The optimization process and recommendations:
  1. Avoid Calling Functions With Indexed Columns (query line: 11): When a function is used directly on an indexed column, the database's optimizer won’t be able to use the index. For example, if the column `token` is indexed, the index won’t be used as it’s wrapped with the function `lower`. If you can’t find an alternative condition that won’t use a function call, a possible solution is to store the required value in a new indexed column.
  2. Avoid Selecting Unnecessary Columns (query line: 2): Avoid selecting all columns with the '*' wildcard, unless you intend to use them all. Selecting redundant columns may result in unnecessary performance degradation.
  3. Create Optimal Indexes (modified query below): The recommended indexes are an integral part of this optimization effort and should be created before testing the execution duration of the optimized query.
  4. Use Numeric Column Types For Numeric Values (query line: 7): Referencing a numeric value (e.g. 0) as a string in a WHERE clause might result in poor performance. Possible impacts of storing numbers as varchars: more space will be used, you won't be able to perform arithmetic operations, the data won't be self-validated, aggregation functions like SUM won't work, the output may sort incorrectly and more. If the column is numeric, remove the quotes from the constant value, to make sure a numeric comparison is done.

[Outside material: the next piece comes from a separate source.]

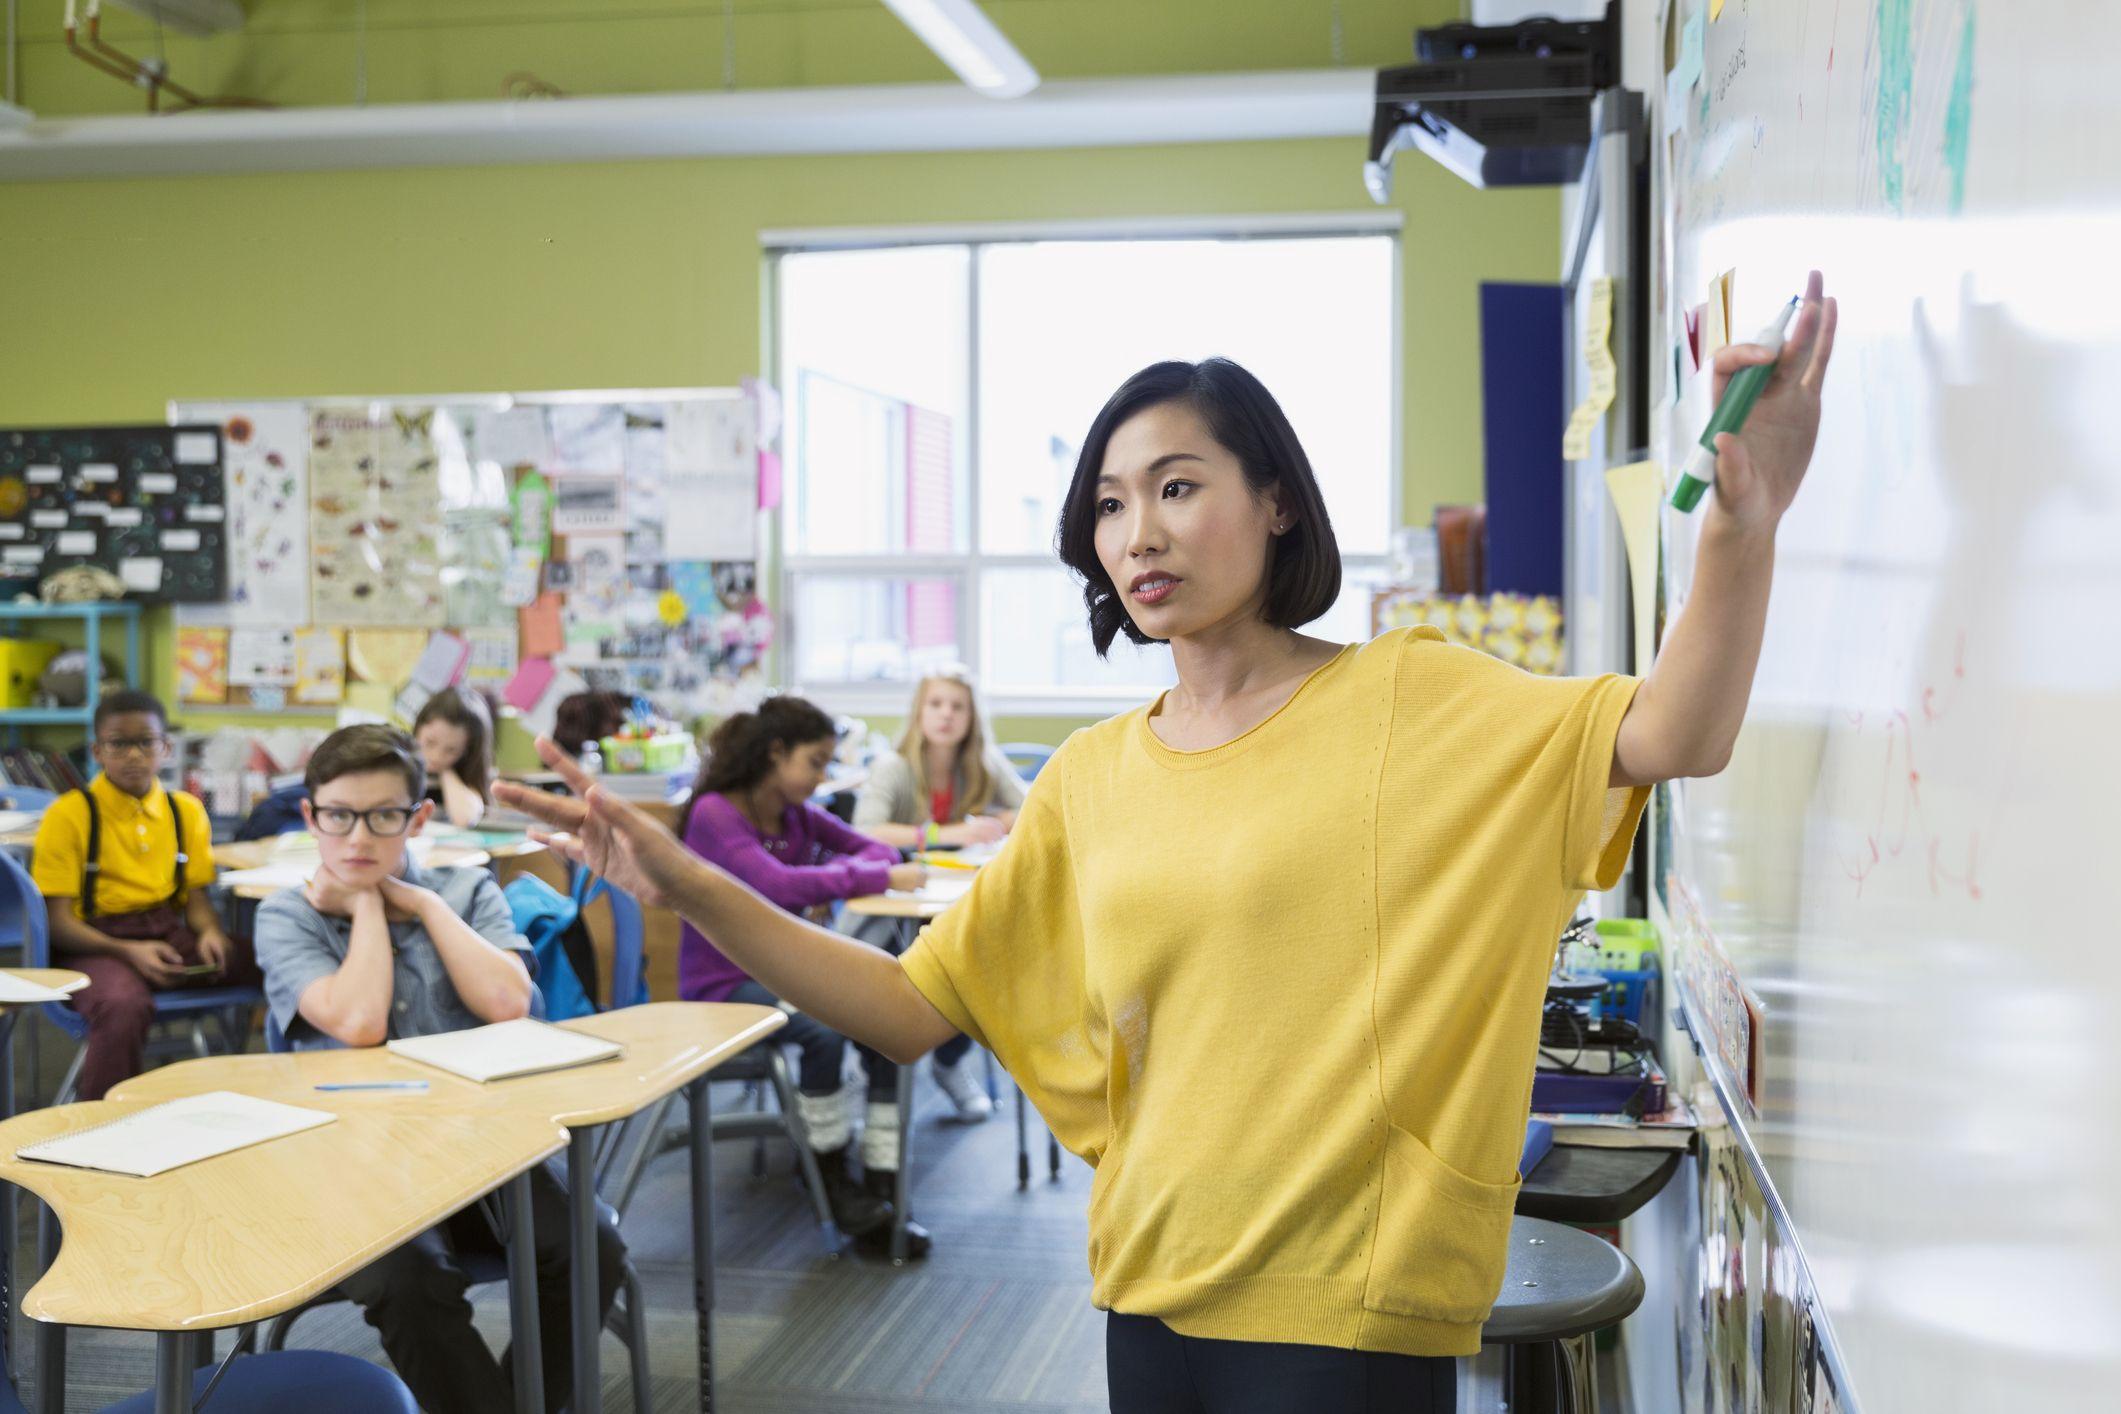 The 9 Best Summer Jobs for Teachers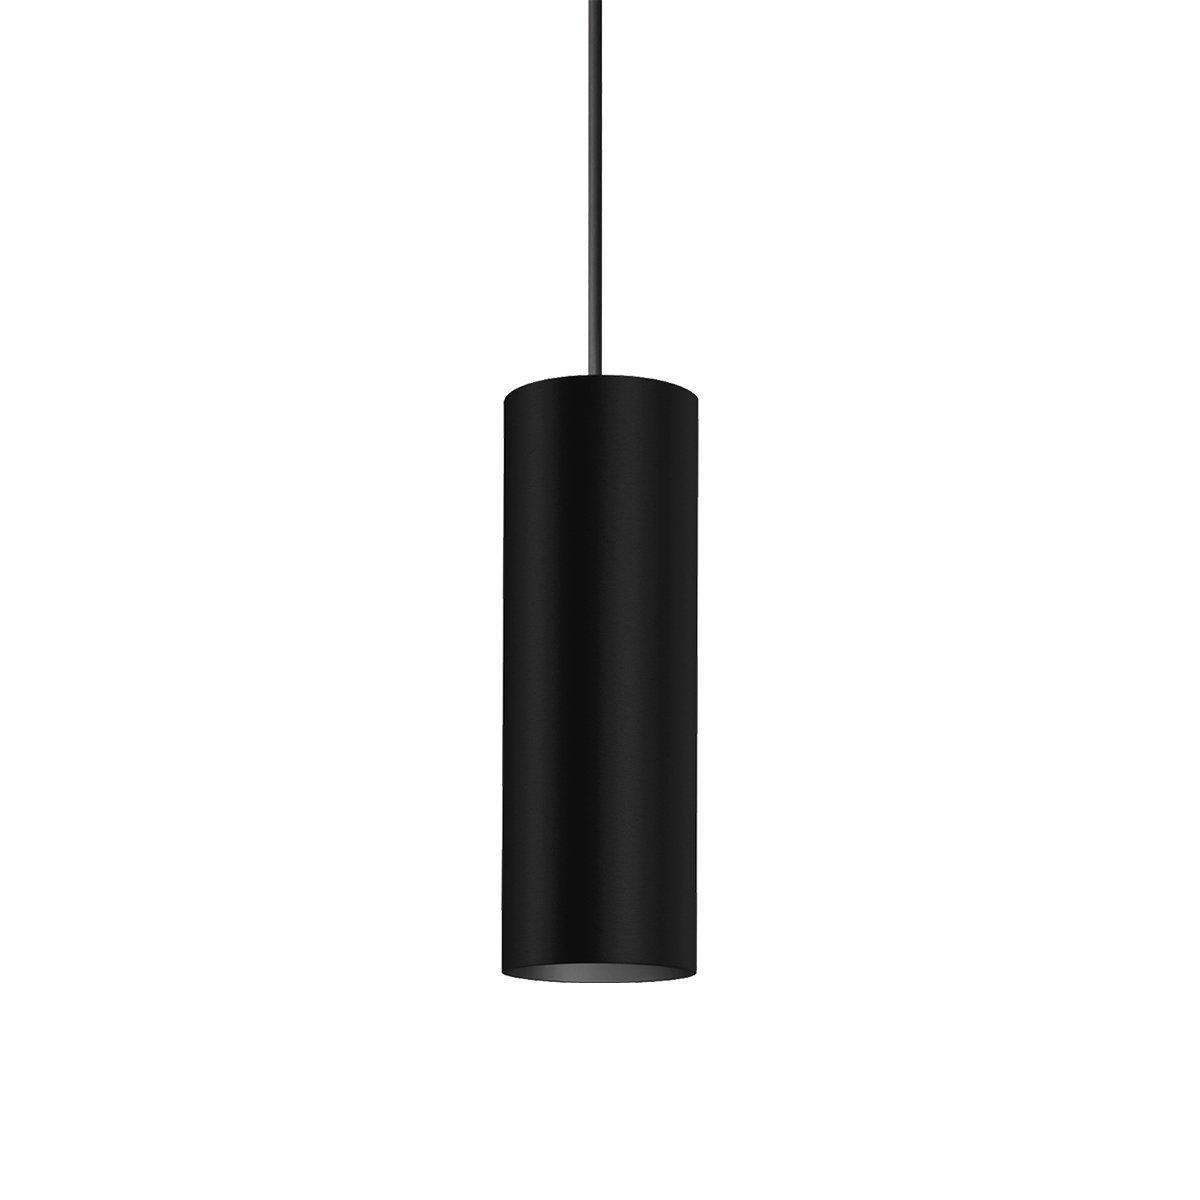 Wever & Ducr� Ray 2.0 Hanglamp Jet Black - LED 2700 Kelvin

Optimal indexes for this query:
CREATE INDEX devices_idx_id ON "devices" ("id");
The optimized query:
SELECT
        * 
    FROM
        "devices" 
    WHERE
        (
            "devices".id > '0'
        ) 
        AND (
            (
                lower("devices".token) IN (
                    '92134f4bb6a2263fd044a5a04440bc1a', 'cbf7d4a094bd266fd3f1b7ef4196172a', 'aa0f7650cf28010b5c01b77ae206f7fb'
                )
            )
        ) 
    ORDER BY
        "devices".id LIMIT 1000

Related Articles



* original question posted on StackOverflow here.